FYI, Walmart has the Blackstone 28" griddle on clearance for $99.00 at a lot of stores.  Some reports of as low as $65 have been posted in other forums.  This is a link to a inventory tracker that will tell you if a nearby store has them in stock and the current price.

http://brickseek.com/walmart-inventory-checker/?sku=36323162

If there is not a store showing up with your zip code, put in a zip code nearby (especially if you are in a large metro area like I was).  That will probably show other stores that have them.  Also note you can take any Walmart SKU and search for it at this site, so you may want to hang on to this link.

Link said a store about 15 miles away had 7 in stock. Walked into the store that and this is what greeted me  8)  Yep, $99.00.  Hard to pass a deal like this up IMO.

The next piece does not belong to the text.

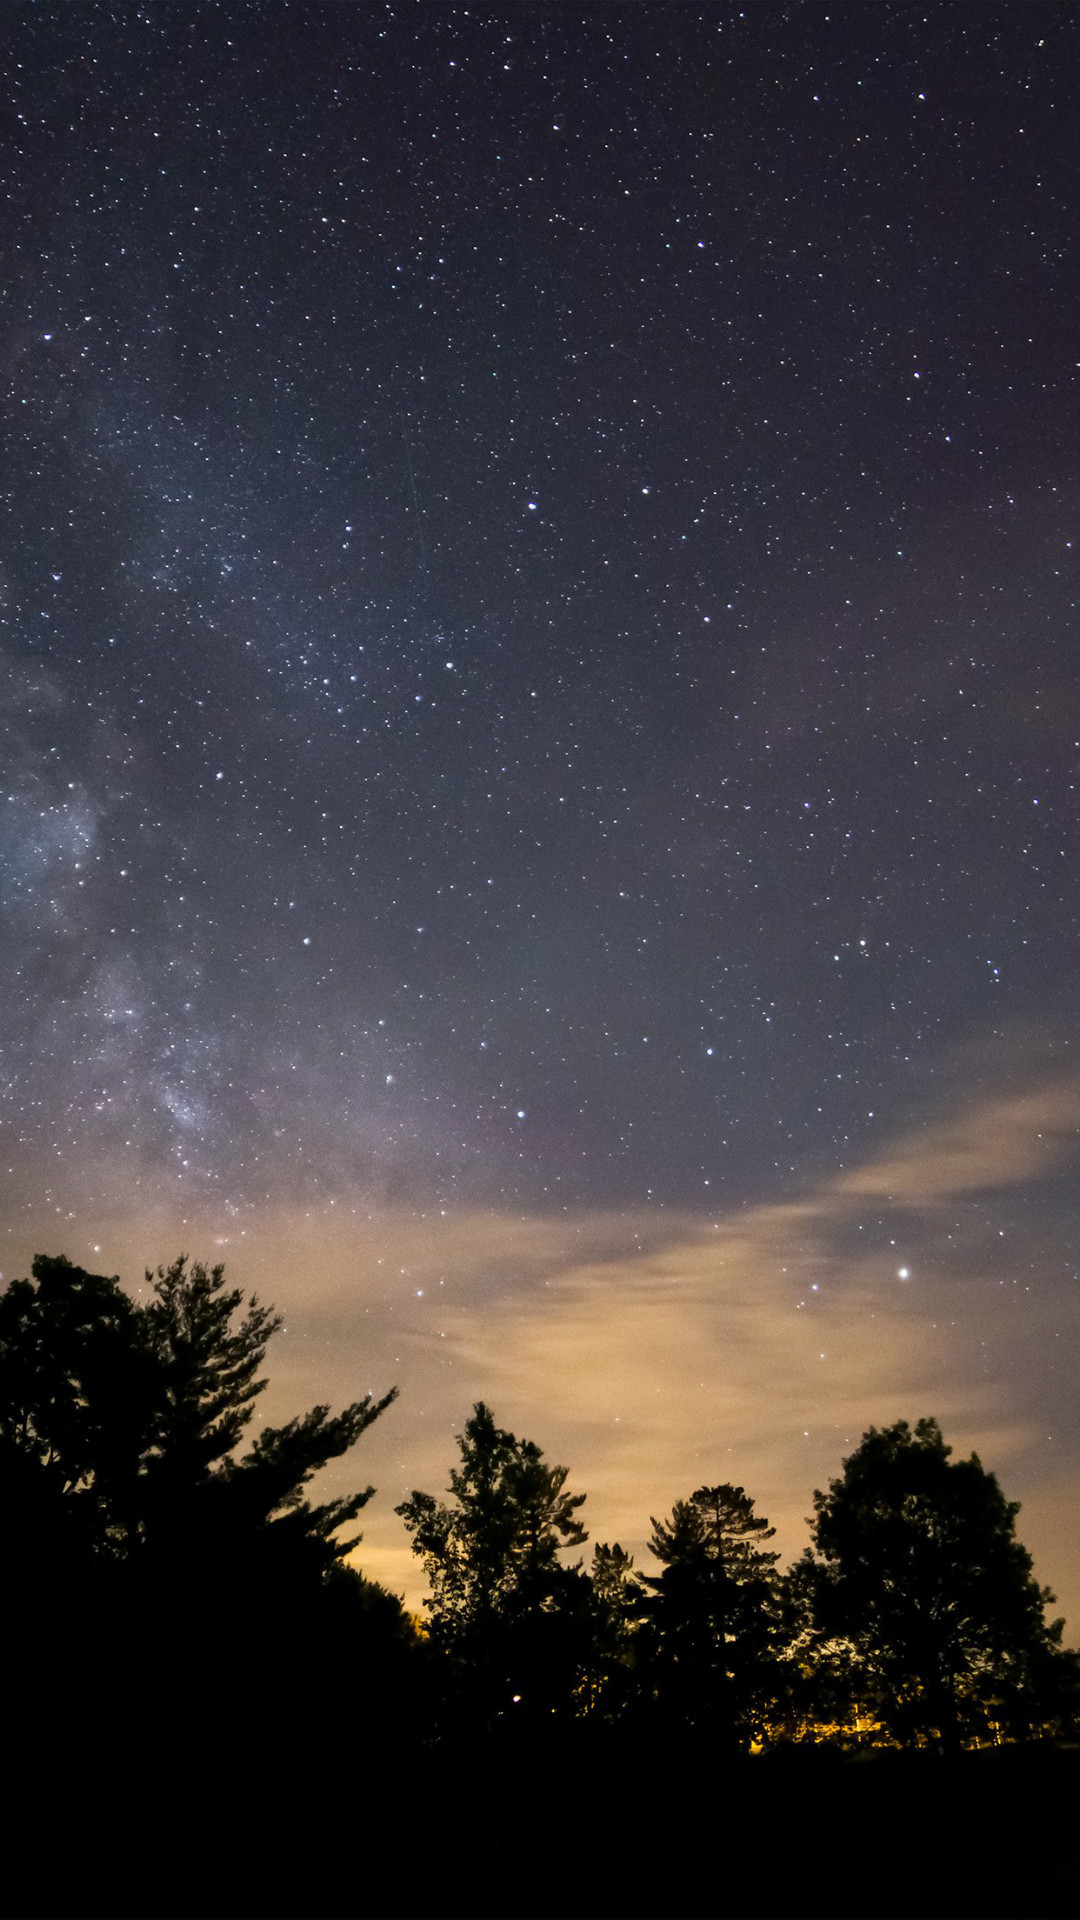 Sky Night Star Dark Mountain Cloud Shadow iPhone 6 wallpaper

So I called up some of my co-workers and did a group buy of 3 of these suckers.  Finished it off by swinging by Sam's Club and picking up a couple gallons of Whirl Butter Oil to go with each griddle.  Oh yes, I'm a happy camper, and so is my boss and a co-worker.  $99 each.  Manager said they were left over from Black Friday and on clearance.













20170116_140127.jpg



__ dward51
__ Jan 16, 2017


















20170116_140112a.jpg



__ dward51
__ Jan 16, 2017


















20170116_142024.jpg



__ dward51
__ Jan 16, 2017


----------



## SmokinAl

Boy that's a good deal!

Al


----------



## bbqwillie

4 near me. I'm on my way...... Thank You!


----------



## chopsaw

Thanks for the heads up .  I'm surrounded !!  Gonna have a look after work tomorrow .


----------



## chopsaw

Just unloaded mine out of the truck . Thanks again for posting .


----------



## damascusmaker

I'm in the club too, Today,


----------



## damascusmaker

Seasoned and used once. Just received Juvale tool set from amazon. I'm pleased with the feel of the new tools. The scraper/masher is thick and stiff and the spatulas are thin and flexible. Also got the Onlyfire cover.













IMG_1079.jpg



__ damascusmaker
__ Feb 8, 2017


















IMG_1080.jpg



__ damascusmaker
__ Feb 8, 2017


----------



## youngbuck

The best tool for the griddles IMO is a 6" drywall knife, tape knife, or what ever they want to call that size. I prefer the flexible blades. Probably a good thing I didnt see this post. I would have needed to come up with a reason why I needed 3 griddles


----------



## dert

Thanks for the heads up...bought one today.


----------



## dert

http://s660.photobucket.com/user/de...0C2B6F51-569A-406D-8281-2F0874E4D9B5.jpg.html

http://s660.photobucket.com/user/de...83054A9A-7AFD-42E4-BED2-AE2C465E77A3.jpg.html

http://s660.photobucket.com/user/de...60967EAA-8FF2-4FE6-85DC-BDA467647462.jpg.html


----------



## dert

Burn-in!


----------



## crazzycajun

Thanks for the heads up:grilling_smilie:


----------



## damascusmaker

Smash Burgers last night. Great!


----------



## poopypuss

damascusmaker said:


> Smash Burgers last night. Great!


Make OKC Onion burgers next time. There's plenty of room on the griddle for those and maybe some potato pancakes.













11334017_910342789032986_6618138086096367332_o.jpg



__ poopypuss
__ Feb 15, 2017






http://www.seriouseats.com/recipes/2013/06/oklahoma-onion-burger-recipe.html

I find 1/3 lb balls of beef work better than sliders, but then, a slider to me is different than a tiny burger.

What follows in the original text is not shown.